After a truly surreal 36 hours, British politics has some clarity: The prime minister, Boris Johnson, will resign, thus triggering the third Conservative leadership contest in six years. His successor (due to be picked from a field of hopeful Tory parliamentarians which could easily stretch to a dozen people) is expected to take office this autumn. The race begins now.
For British libertarians, the end of the Johnson premiership is a bittersweet moment. For all his association with liberty-crushing lockdowns, many of us still remember when Johnson was a darling of the freedom-loving right. He used to be the politician who made his career rallying against the excesses of the nanny state while thumbing his nose at bores and bureaucrats alike.
It was this penchant for freedom and optimism that made Johnson such an effective campaigner for Brexit. Unlike the nativist grievance peddling from the likes of Nigel Farage, Johnson painted Brexit as a chance to build a more outward-looking and ambitious Britain. All we had to do first was "take back control"—and end the supremacy of European Union regulation. It was a theme that went on to power both his leadership and general election campaign of 2019.
But shortly after the newly-crowned prime minister broke the political deadlock around Brexit, there came a new crisis: COVID-19. At first, Johnson's much-heralded libertarian instincts held up nicely. In one of his early press conferences about the pandemic (in which he encouraged a nervous public to minimize social contact and keep physical distance), Johnson laughed off a question about calling in the police to enforce common sense. Within weeks, he had been persuaded by his advisers to order a full lockdown.
It was this heavy-handed approach that would go on to shape 18 months of British politics, as the country veered from punitive lockdowns (at one point opting for the most stringent measures in Europe) to equally invasive lockdown-lite measures like the "rule of six." As backbench libertarian members of Parliament raged, Johnson's acolytes sought to assure the public that these measures flew in the face of his political instincts—and would disappear as soon as possible.

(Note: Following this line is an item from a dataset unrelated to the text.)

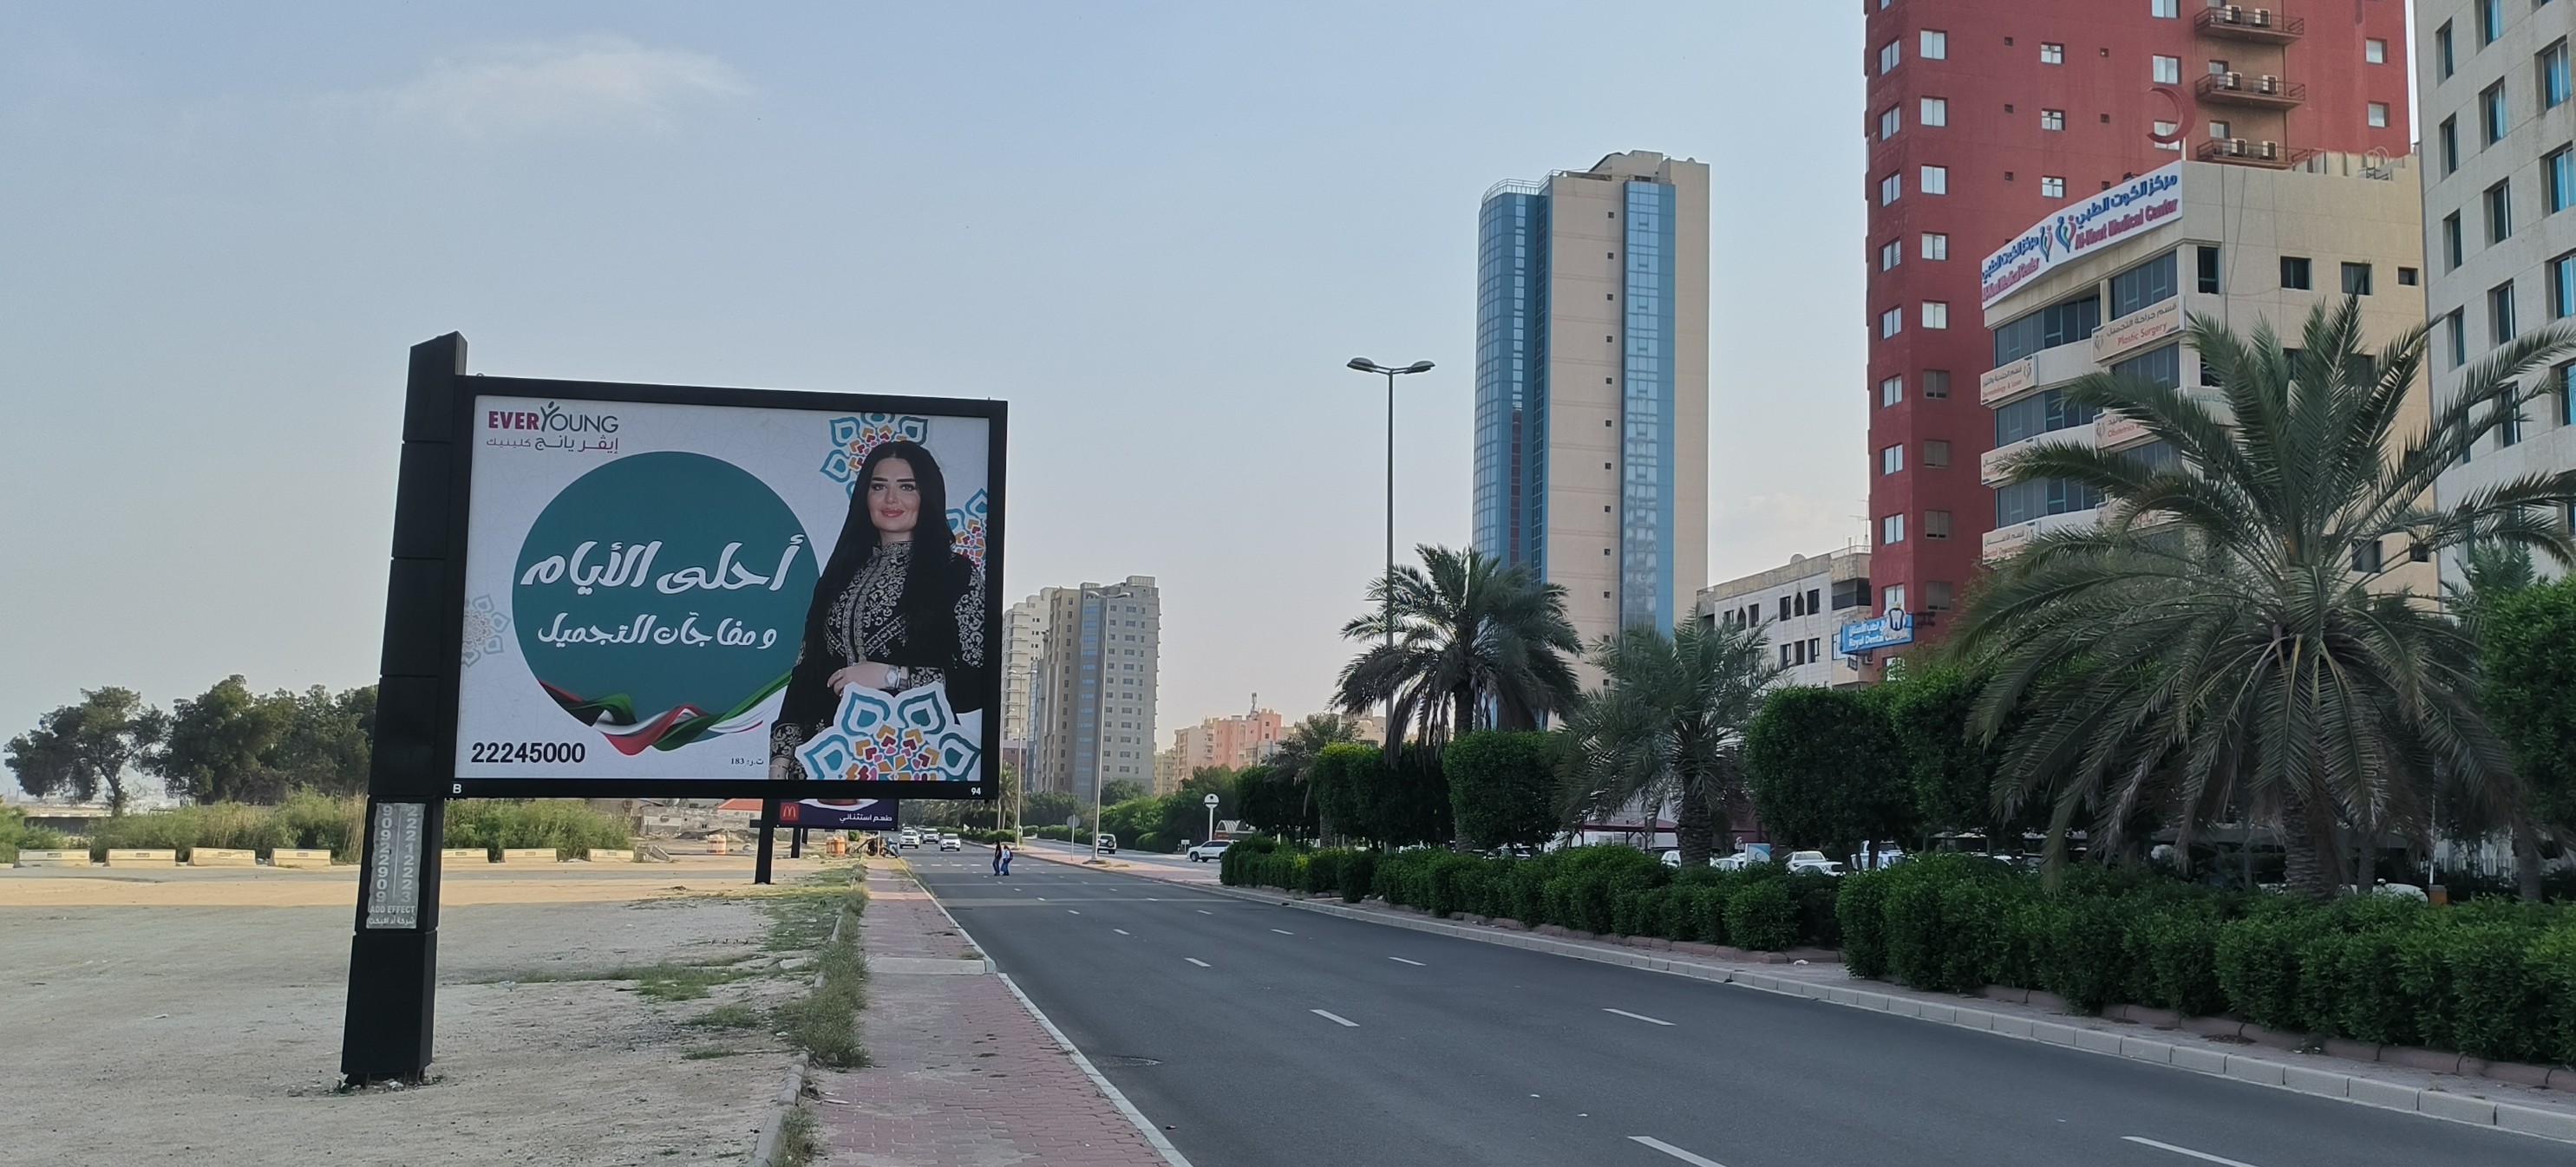 科威特曼卡夫，哈法希尔区域，是个商业区，各国劳工集中居住在此地。商业繁华，是不错的旅游地。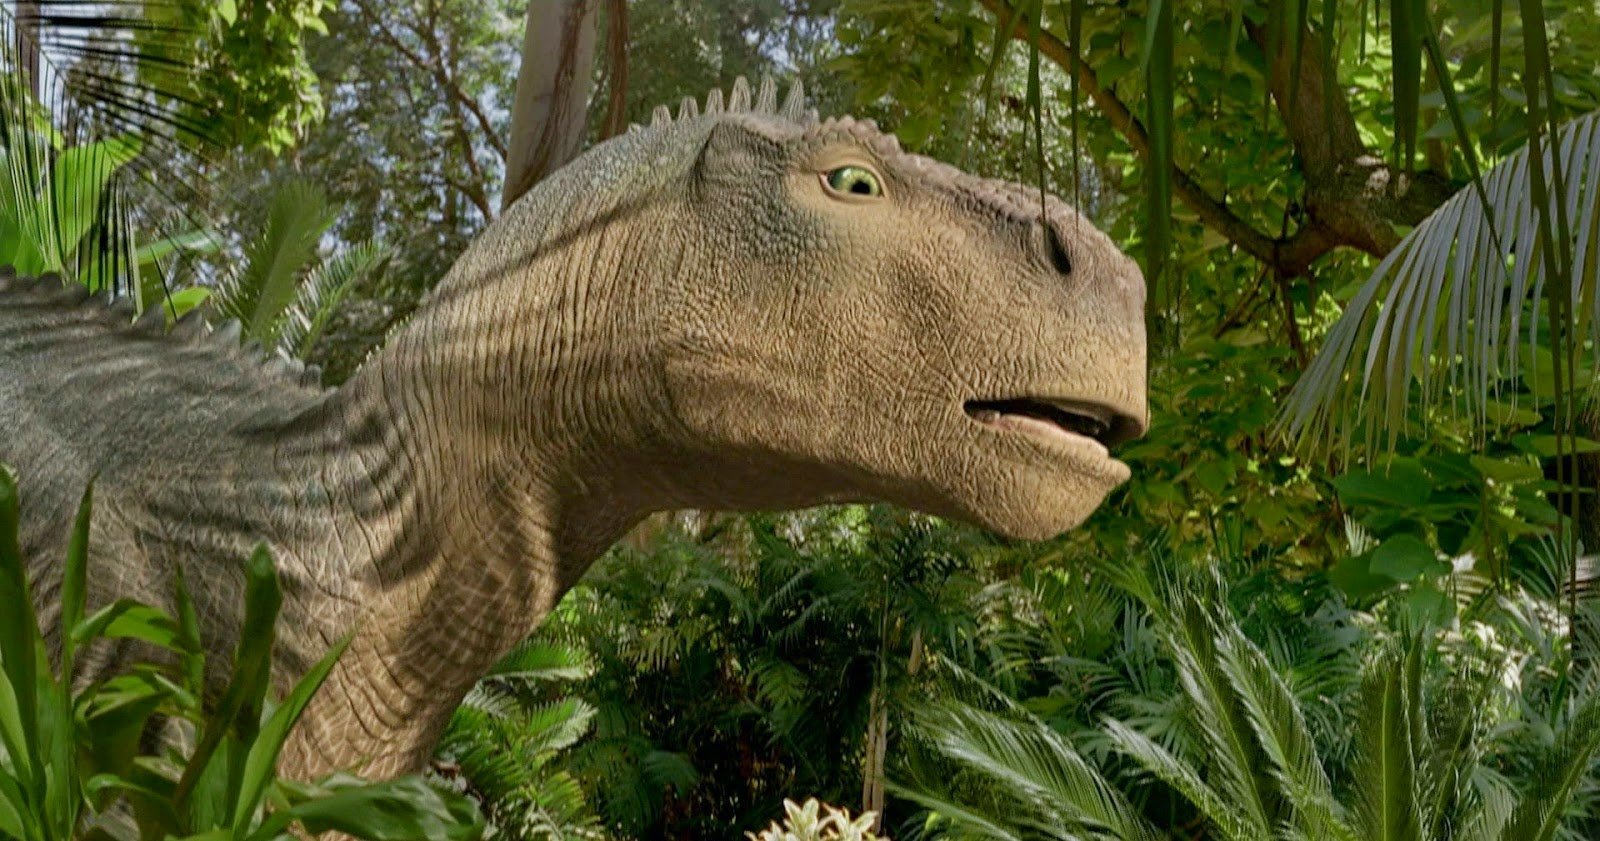 En subjektivt ful dinosaurie i Disneys film Dinosaur

But many of us weren't convinced.
The truth is that, even as the pandemic faded, Johnson's newfound "big state" instincts did not. One of the first warning signs was when, after Johnson had been hospitalized with COVID-19, he announced an expansive anti-obesity agenda—promising to ban multibuy deals on unhealthy food; end television advertising of sweets and crisps; and even make calorie counts compulsory on all restaurant menus (a move that would have placed a disproportionate burden on small businesses).
Downing Street didn't just come after our diets. One of the government's flagship legislative proposals was the much-criticized Online Safety Bill: a sprawling manifesto on internet regulation that would see web hosts fined vast sums for failing to remove "legal but harmful" content (the exact meaning of which would be subject to the judgment of government ministers). Free speech advocates saw it for what it was: a censor's charter.
His supposed libertarianism didn't add up to much when it came to taxation and spending, either. Having used his leadership campaign to define himself against the austerity measures of previous Tory governments, Johnson spent his time on Downing Street going even further—driving up state spending in pursuit of lofty policy goals (including using taxpayer cash to protect the assets of millionaire pensioners by introducing a socialized cap on privately-provided elder care).
Under big-spending Boris, tax levels reached the highest level since WWII. A sneaky decision not to inflation-proof tax thresholds meant that 2 million people just got pushed into a higher tax bracket, even though their real-terms earnings have not necessarily increased. Businesses didn't fare much better either—just look at the recent decision to levy a short-notice "windfall tax" on the increased profits of energy firms (which comes on top of the planned hike in corporation tax).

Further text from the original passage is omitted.